Does anyone know of any tracts addressing such a topic? 

Due to my location in New Zealand, I'd prefer something that I was free to print out rather than something that I have to order from overseas and pay shipping costs on.


----------



## earl40

My favorite is to use the pronouncements against us protestants on justification. That leads to great fruitful conversations. After I am done "evangelizing" I invite then to church to be evangelized.


----------



## Josh Williamson

Check out Welcome to Proclaiming the Gospel - They've got some excellent tracts aimed at Roman Catholics.


----------



## Antipas_14

I'm a recent convert from Roman Catholicism, just began my journey into the reformed faith about a year ago. The odd thing is, my conversion happened was seemingly unprompted by any individual. What I mean is, I decided to start reading the bible more, praying, and listening to protestant preaching. At the time I thought I knew the difference between Roman Catholicism and protestantism, but I had no clue. My wife and I, she being a former devout Catholic, (even worked at the Catholic diocese of Grand Rapids a few years ago) are now proud of our reformed Christian faith and try to evangelize our own families. This whole journey has been amazing, and seeing how it was God who initiated it, who brought me to life after being spiritually dead is a testament to His Mercy and greatness.

One of the most effective methods I just started to notice is, most Roman Catholics have no idea what they believe. Some do, but most are in the dark on what the mass does/is. I have been teaching my family about the fear of God. I keep pressing that, then later move on to the sacrifice of the mass. I seldom get into debates about transubstantiation. Keep emphasizing the danger of the sacrifice of the mass. What ends up happening, or at least in my family's case, is they keep questioning what is going on at the mass while they are there every Sunday. 

Most of my family seemed to understand the doctrine of justification right away. Everyone, however, thought they could believe the reformed teaching on justification and still go to mass, week in and week out. So the next step was teaching them that if they are offending God by partaking in the sacrifice of the mass, they could be in danger. They all are skeptical of Roman Catholicism now, but have not come out yet. I wait, hope and pray with patience, but it is a gift watching them seemingly slowly convert. In my opinion, most Roman Catholics don't know a whole lot about catholicism, and actually think like a protestant. One thing I kept noticing with my family was none seemed to understand what they believed, so when i asked them questions about their catholic faith, they didn't have an initial answer, but rather would look up online their own beliefs and had to actually learn what Roman Catholicism actually is all about. 

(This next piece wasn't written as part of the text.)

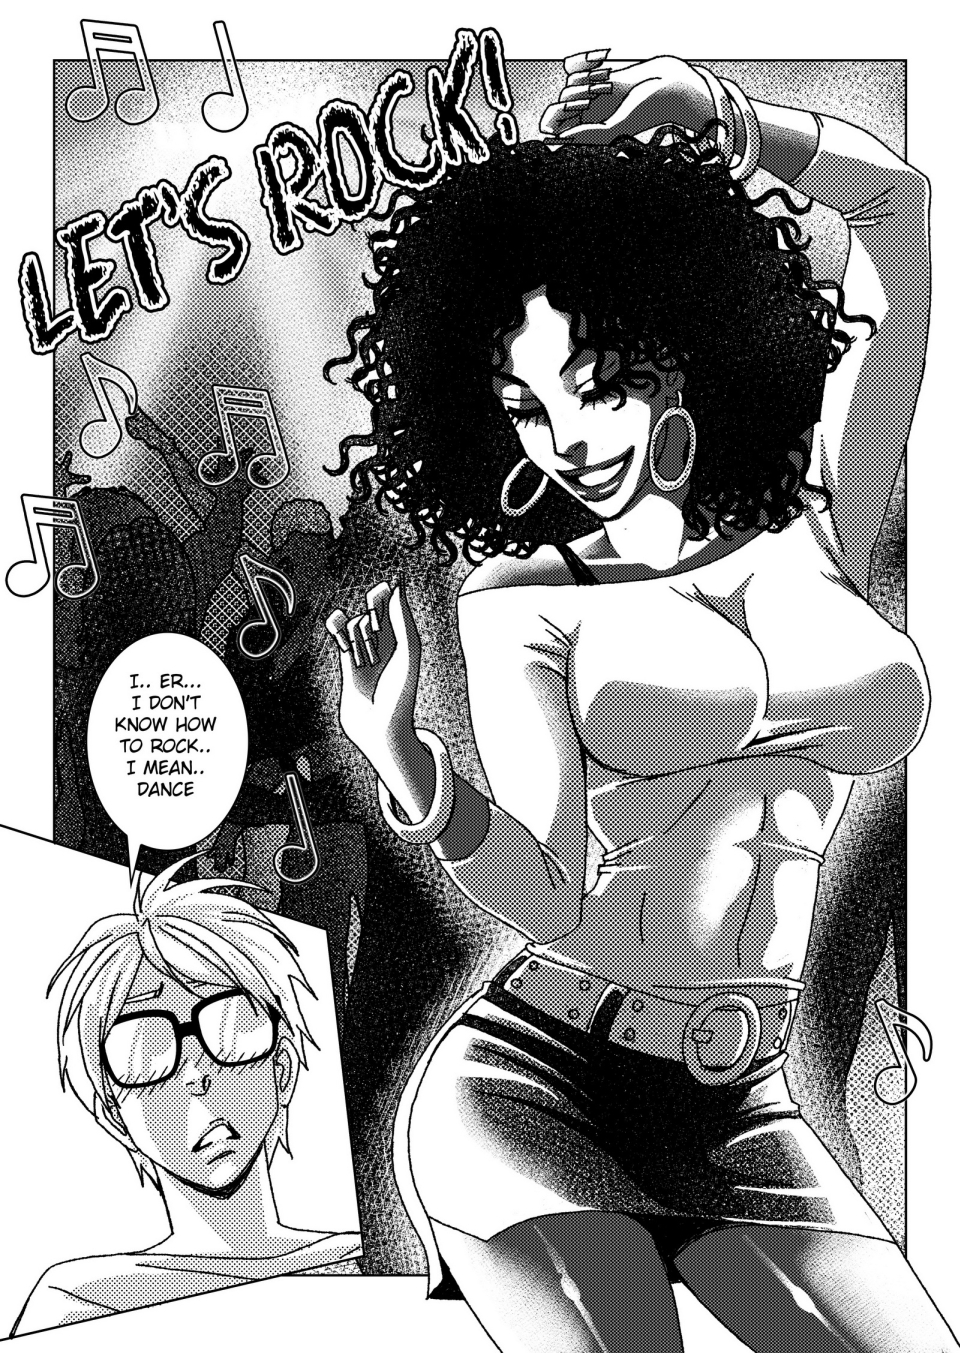 Read Anal Invaders Anasheya Hentai Porns Manga And Porncomics Xxx

I have been debating writing a book about the experience and how to talk evangelize Roman Catholics. I have learned a lot, but also realize I have much to learn. I'm not sure if something like that exists, but could be very helpful. 

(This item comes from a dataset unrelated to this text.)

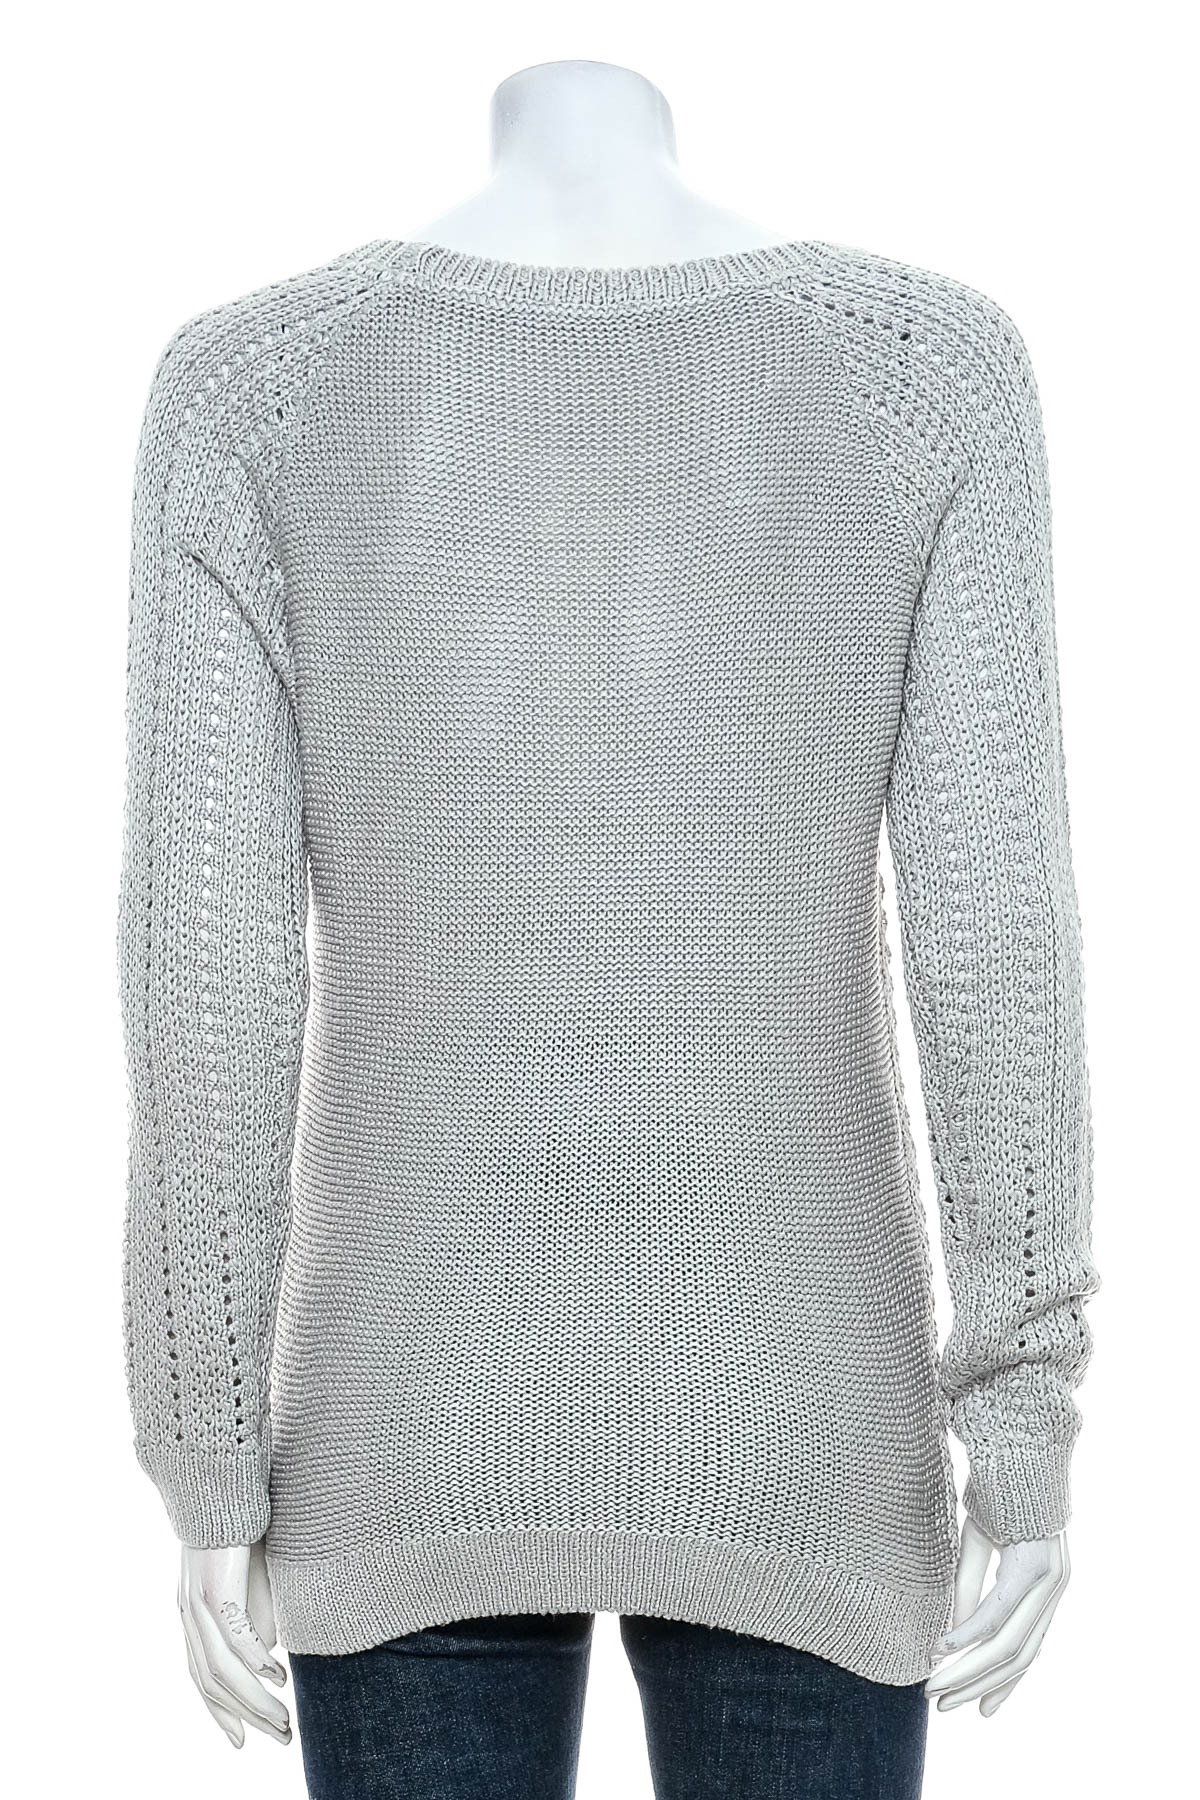 Women's sweater - 1

Anyway, although I don't have any tracts, I can say RC Sproul's teaching on Justification was the most helpful for me. I try to teach John Knox and John Calvin's views on the mass as well, but only after checking their understanding on justification.


----------



## MichaelNZ

Josh Williamson said:


> Check out Welcome to Proclaiming the Gospel - They've got some excellent tracts aimed at Roman Catholics.

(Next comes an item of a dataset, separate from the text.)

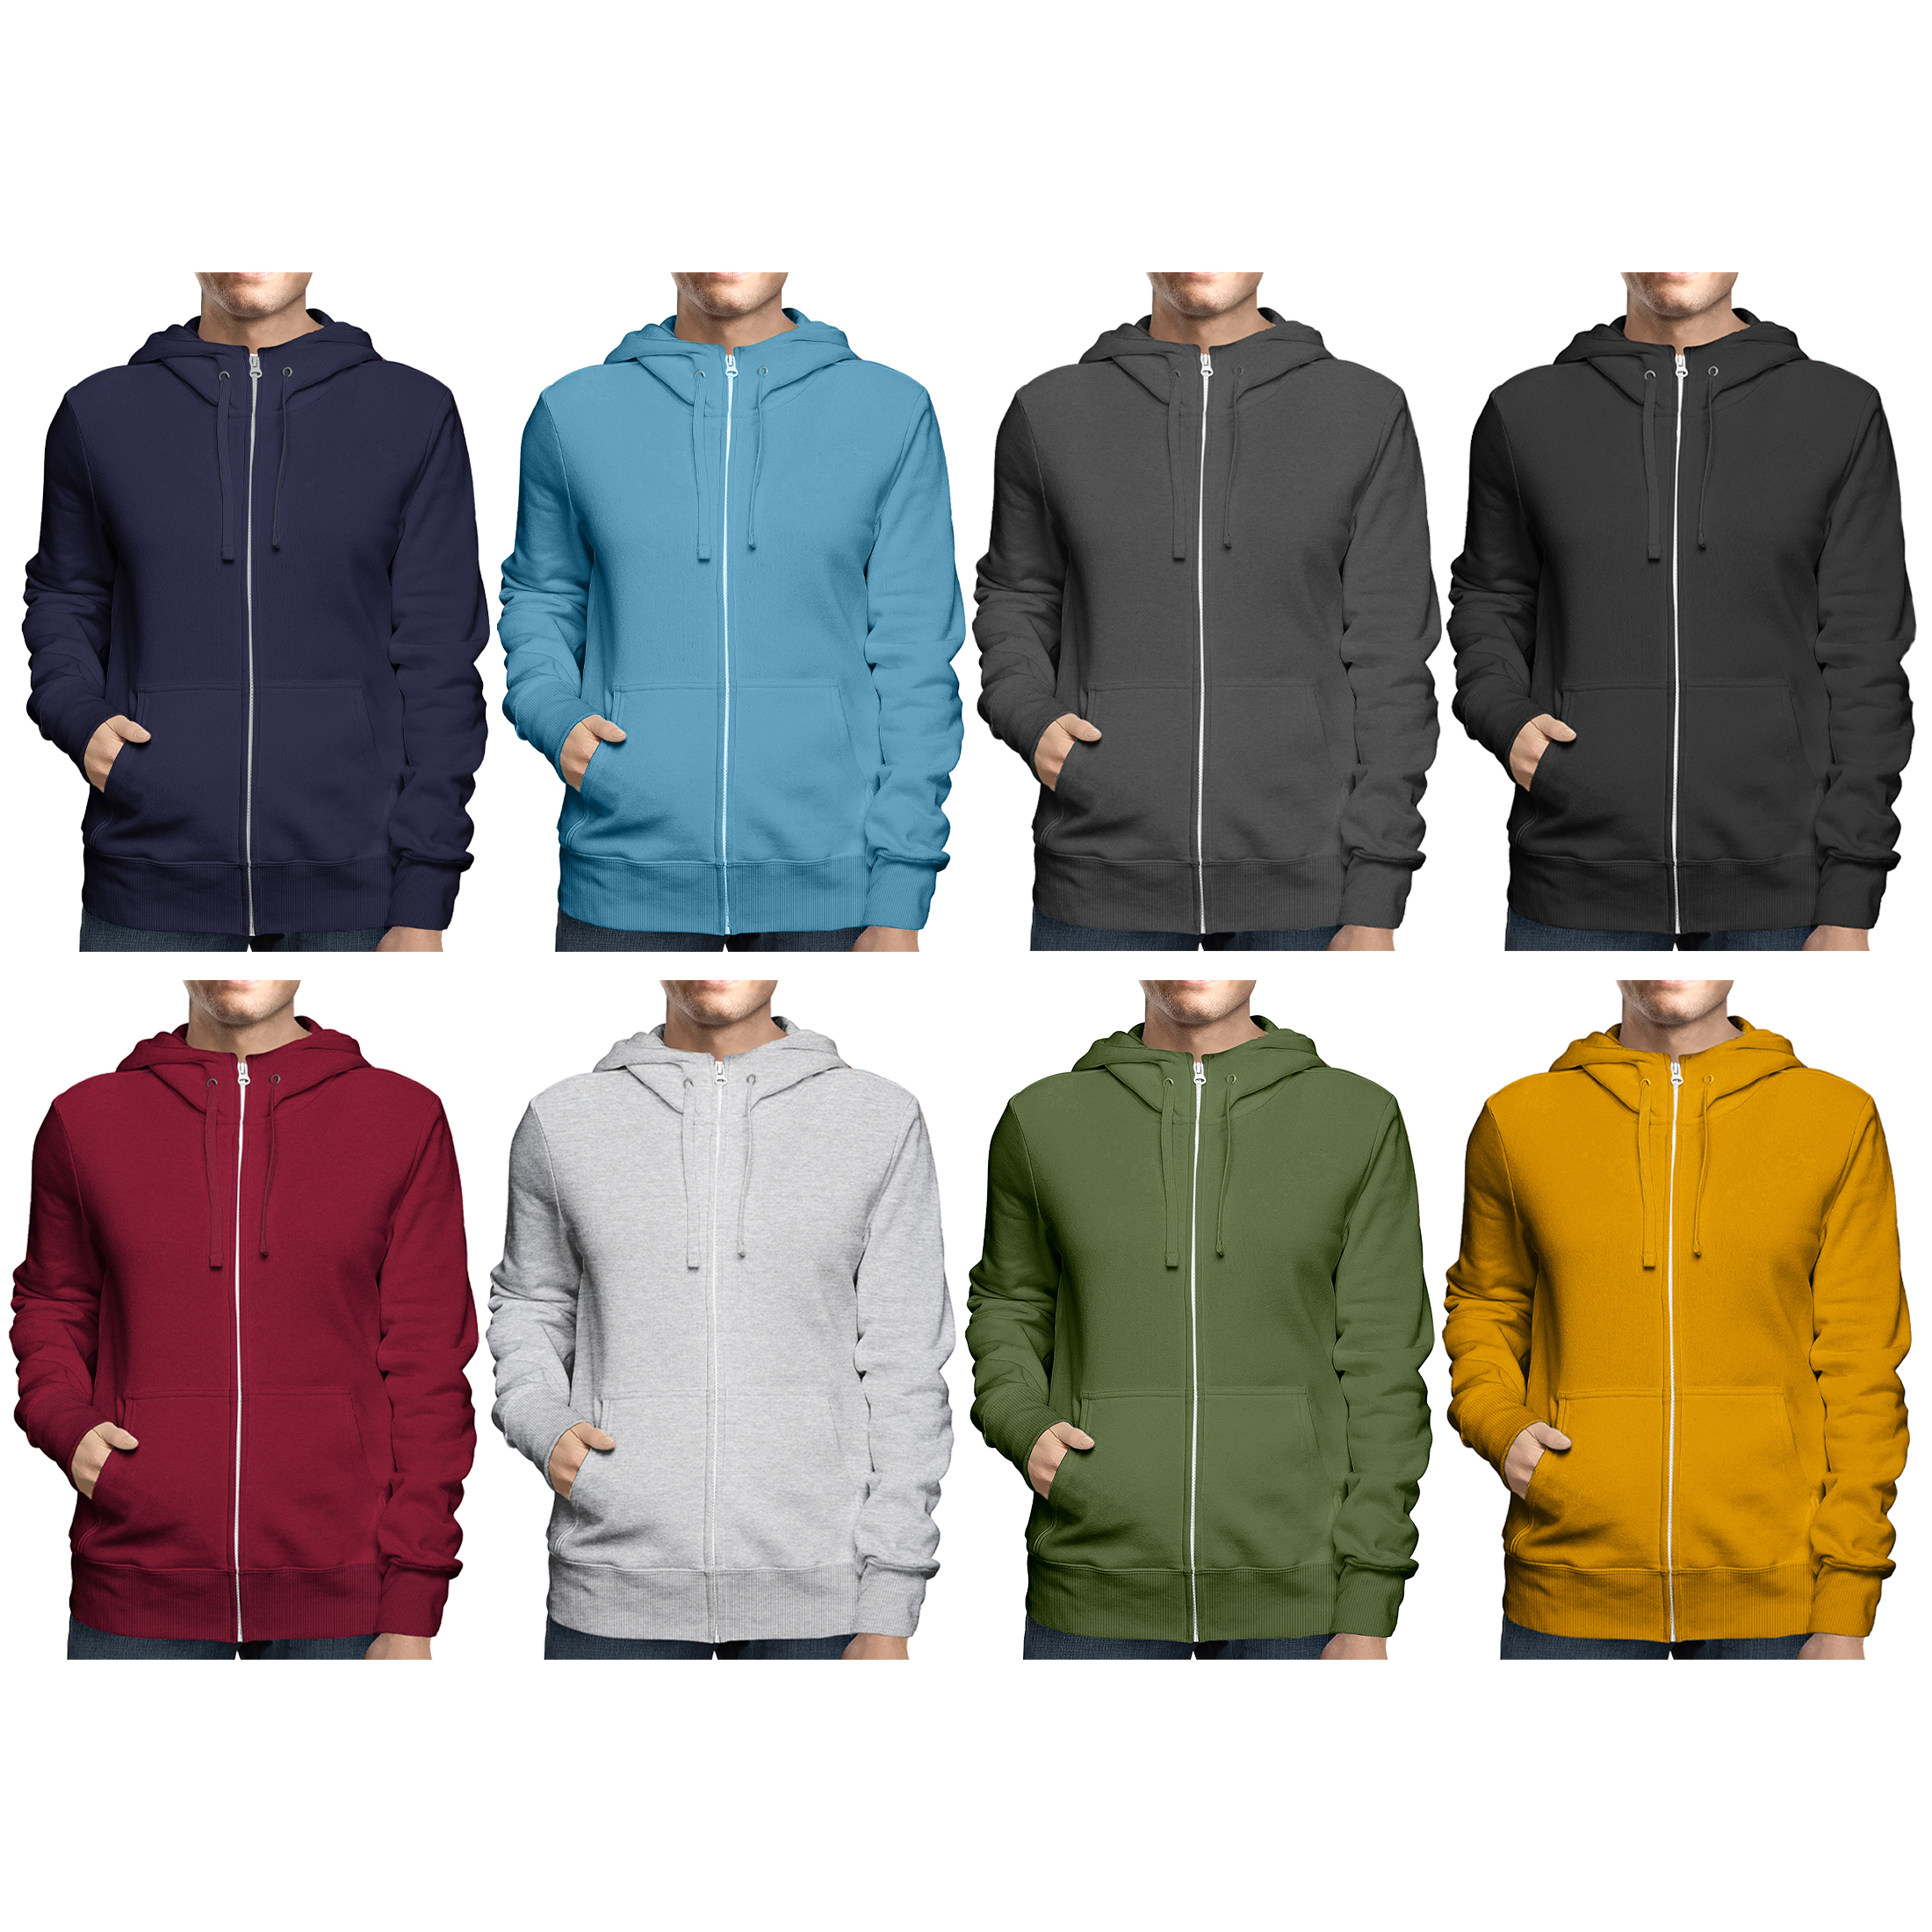 2-Pack: Men's Full Zip Up Fleece-Lined Hoodie Sweatshirt (Big & Tall Size Available) - Black & Timberland, Medium

Thanks. That site looks very good. Unfortunately I'm a college student with not much money so I was looking for something I could print out myself.

I have written one of my own. Please tell me what you think and feel free to use it as much as you want (PM me if you want the Publisher editable file): https://drive.google.com/file/d/0B999PYCKKR0-RWlwMnYtNk9vX0U/view?usp=sharing


----------



## PuritanCovenanter

You might be interested in Richard Bennett's work. http://www.bereanbeacon.org/en/


----------



## Matthew Willard Lankford

Chapel Library has a very good tract: www.chapellibrary.org/files/4113/7643/3402/wrcf.pdf

Richard Bennett's Berean Beacon is also very good: \
English: http://www.bereanbeacon.org/articles/#gnfc
Spanish: http://www.bereanbeacon.org/es/


----------